The histogram illustrates positive skew. This means there's a long tail on the right side of our peak. Because of this skew, the mean ride duration is larger than the median ride duration. Below, I printed out the mean and median so we can verify that while the mean ride duration is 14.24 minutes, the median is smaller at 9.13 minutes.
round(df['duration_minutes'].mean(), 2)
14.25
round(df['duration_minutes'].median(), 2)
9.13
Relative Frequency Histogram¶
Previouly, our histogram showed the frequency values on the y-axis. Another version of a histogram illustrates relative frequencies on the y-axis. This is helpful for visualizing the proportion of values in a certain range.
In addition to the arguments set in the histogram above, below I set bin
to 27
and norm_hist
to True
. The norm_hist
argument when set to True
shows a density rather than a count on the y-axis.
sns.distplot(df['duration_minutes'], bins=27, kde=False, norm_hist=True, color='b', hist_kws={"range": [0, 91]})
plt.xlabel("ride duration [minutes]", labelpad=14)
plt.ylabel("relative frequency", labelpad=14)
plt.title("Relative Frequency Histogram of Duration of Bike Rides (in Minutes)", fontsize=20, y=1.01);
Interpretation of Bike Ride Duration Relative Frequency Histogram¶
Decreasing our bin size in this histogram to 27 increase convenience of interpretation but sacrifices some details.
I can make visual approximations now. Between a ride duration of 0 and 20 minutes there are 6 bars. Each bar covers a span of about 3.3 minutes.

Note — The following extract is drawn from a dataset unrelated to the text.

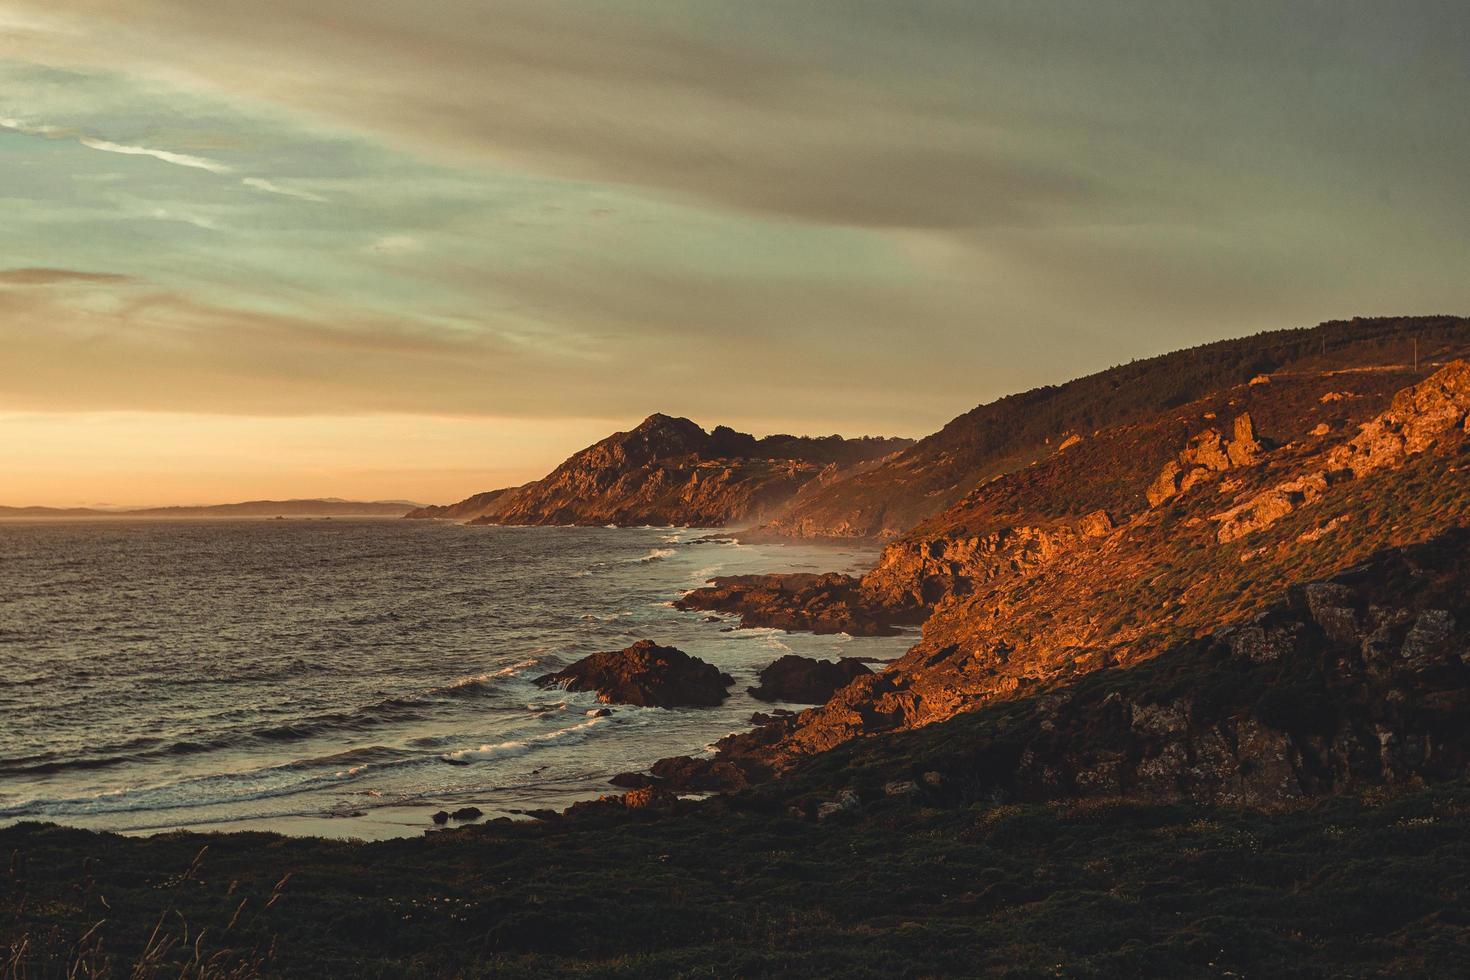 côte espagnole sauvage photo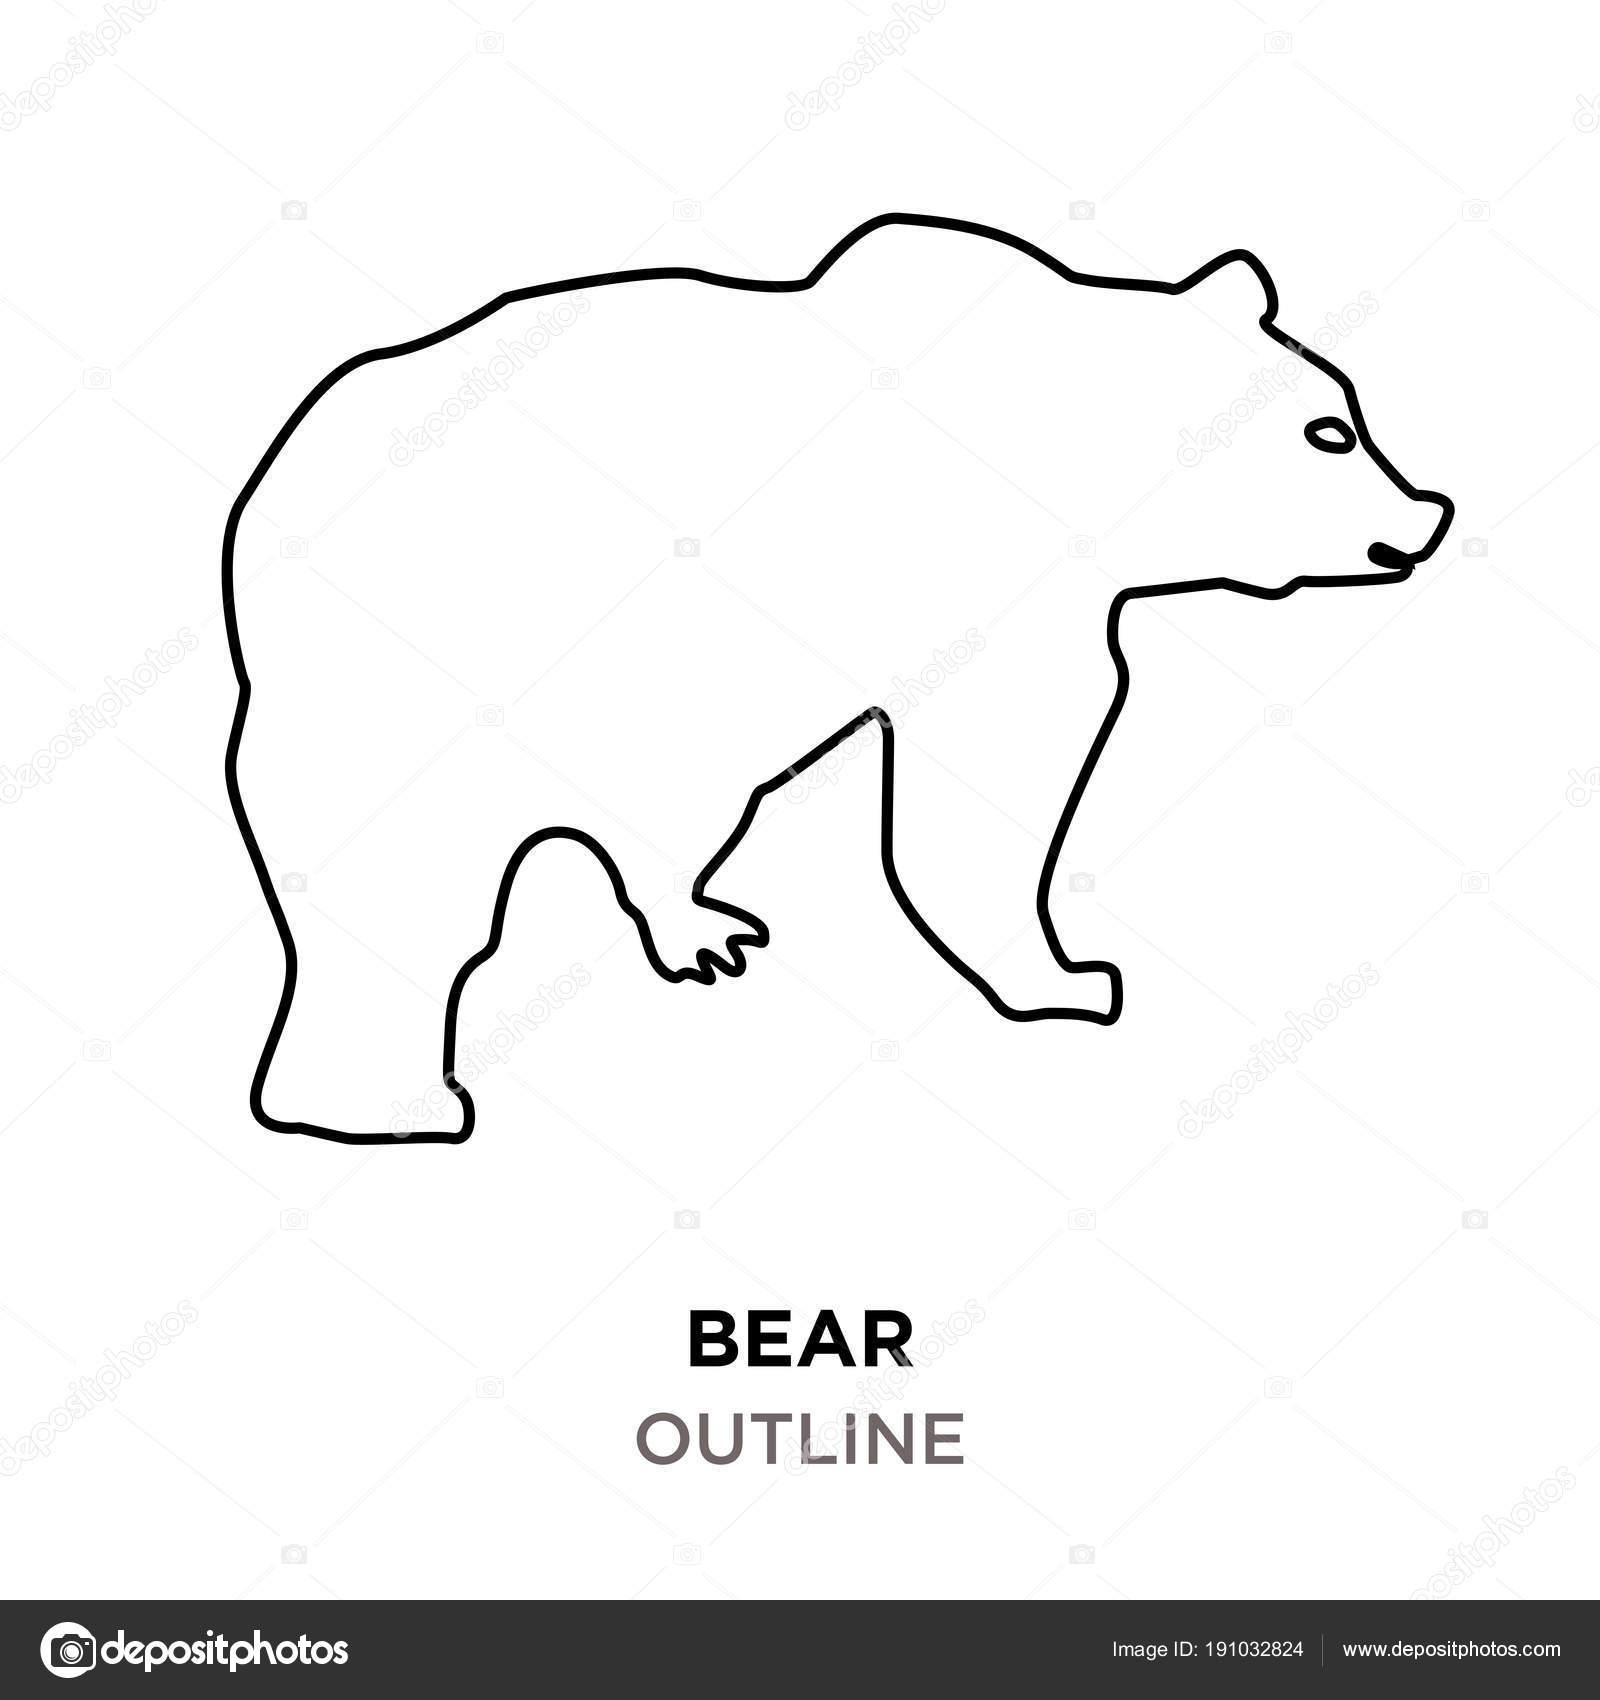 bear outline clipart on white background stock vector - Outline Of A Bear

Therefore, approximately a proportion of 0.023 rides are between 0 and 3.3 minutes long.
Example: Age of Bike Riders¶
I'm curious to learn about the age distribution of members of the bay area bike share program.
Create New Column for Age (in Years)¶
They record the birth year of members. However, it's easier to interpret the age in years rather than year of birth.
df['age_years'] = 2018 - df['member_birth_year']
View Descriptive Statistics on Riders' Age¶
Below, we can see 18 is the youngest rider and the oldest is 129. However, the 99th percentile is 66 years old, nearly half the age of the maximum rider.
df['age_years'].describe(percentiles=[.25, .5, 0.75, 0.99, 0.9999])
count 167376.000000 mean 35.813575 std 10.320561 min 18.000000 25% 28.000000 50% 33.000000 75% 41.000000 99% 66.000000 99.99% 118.000000 max 129.000000 Name: age_years, dtype: float64
Plot Histogram of Age of Bike Riders¶
I limit the range of the x-axis (age) to be just 18 to 80 so we can more easily visualize the bulk of riders, and disregard the outliers well over 80.
df_age_members = df[df['age_years'].notnull()]['age_years']
sns.distplot(df_age_members, color='g', kde=False, hist_kws={"range": [18, 80]})
plt.title("Histogram of Age of Bike Members", fontsize=20, y=1.01)
plt.xlabel("age [years]", labelpad=14)
plt.ylabel("frequency", labelpad=14);
Interpretation of Histogram of Age of Bike Riders¶
The most frequent age group of riders is people aged 24 - 35 with a peak around 29.
Past roughly 35 years of age, as people get older, they're less likely to be a member of the bay area bike share program. However, there's still several thousand members who are 55 years or older.
There's a wide range of age of bike riders - from 18 to 60+.
This histogram is positively skewed too. There's a long tail of bins with ever-decreasing frequency that extend to the right of our peak.